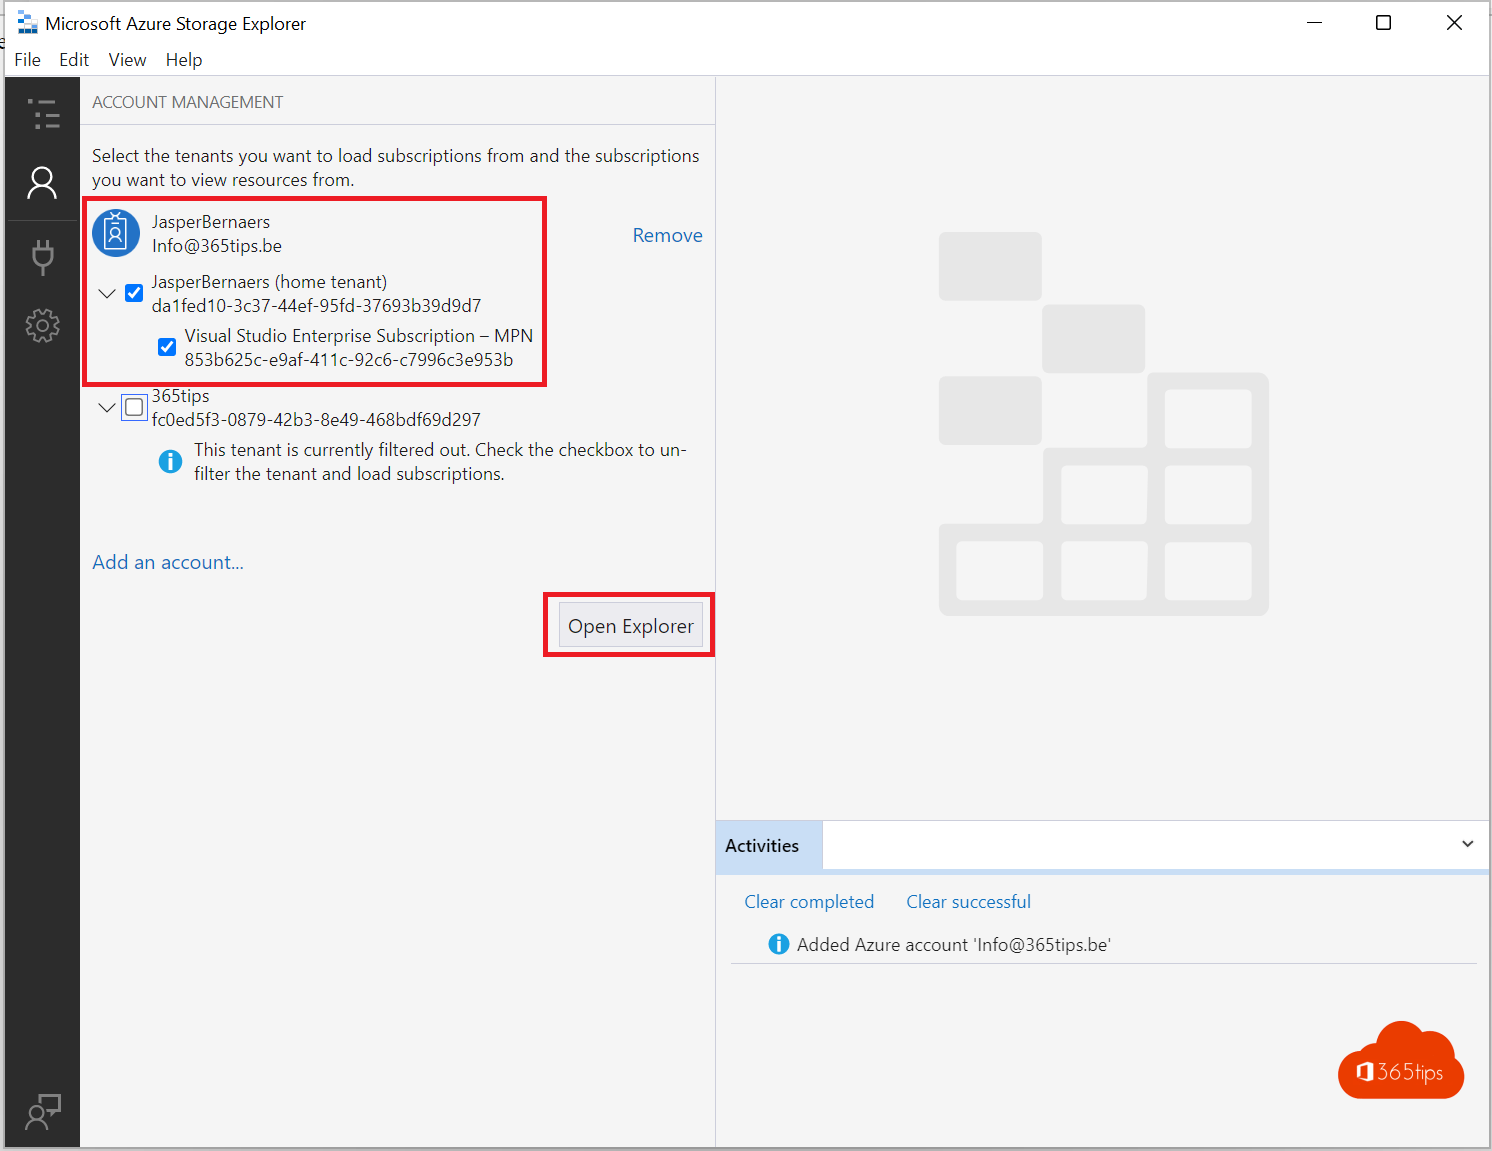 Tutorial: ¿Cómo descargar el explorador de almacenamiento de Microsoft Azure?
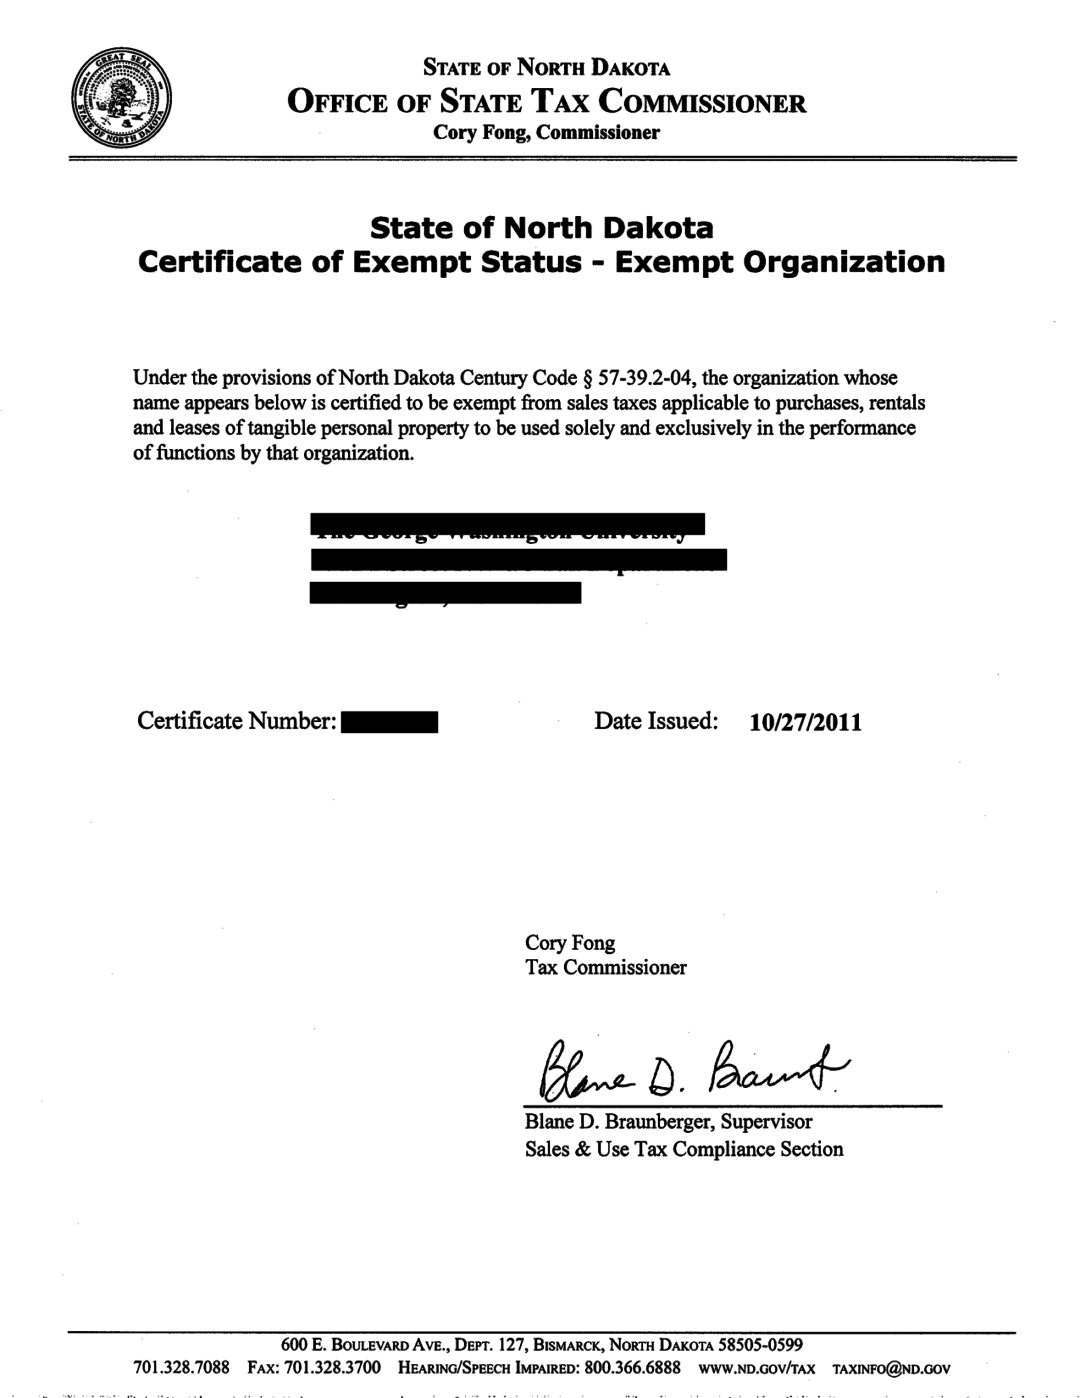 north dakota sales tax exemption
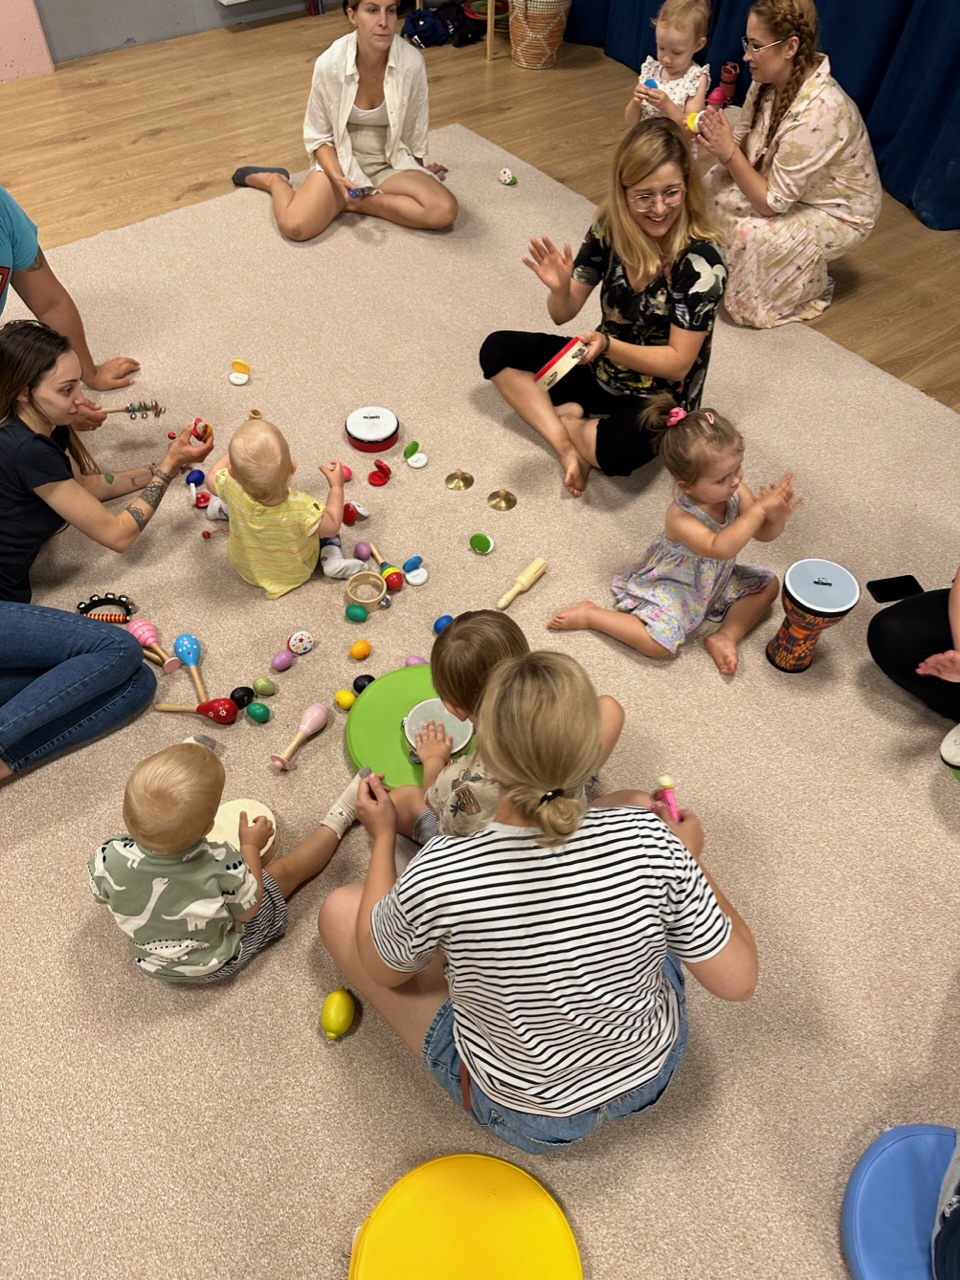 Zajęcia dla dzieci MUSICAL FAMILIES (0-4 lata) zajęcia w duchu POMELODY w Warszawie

# # # # #

Your goal: Every line of the data is to be transcribed exactly, and no picture is to be included.

Result for this task:
 Tutorial: ¿Cómo descargar el explorador de almacenamiento de Microsoft Azure?
 north dakota sales tax exemption
 Zajęcia dla dzieci MUSICAL FAMILIES (0-4 lata) zajęcia w duchu POMELODY w Warszawie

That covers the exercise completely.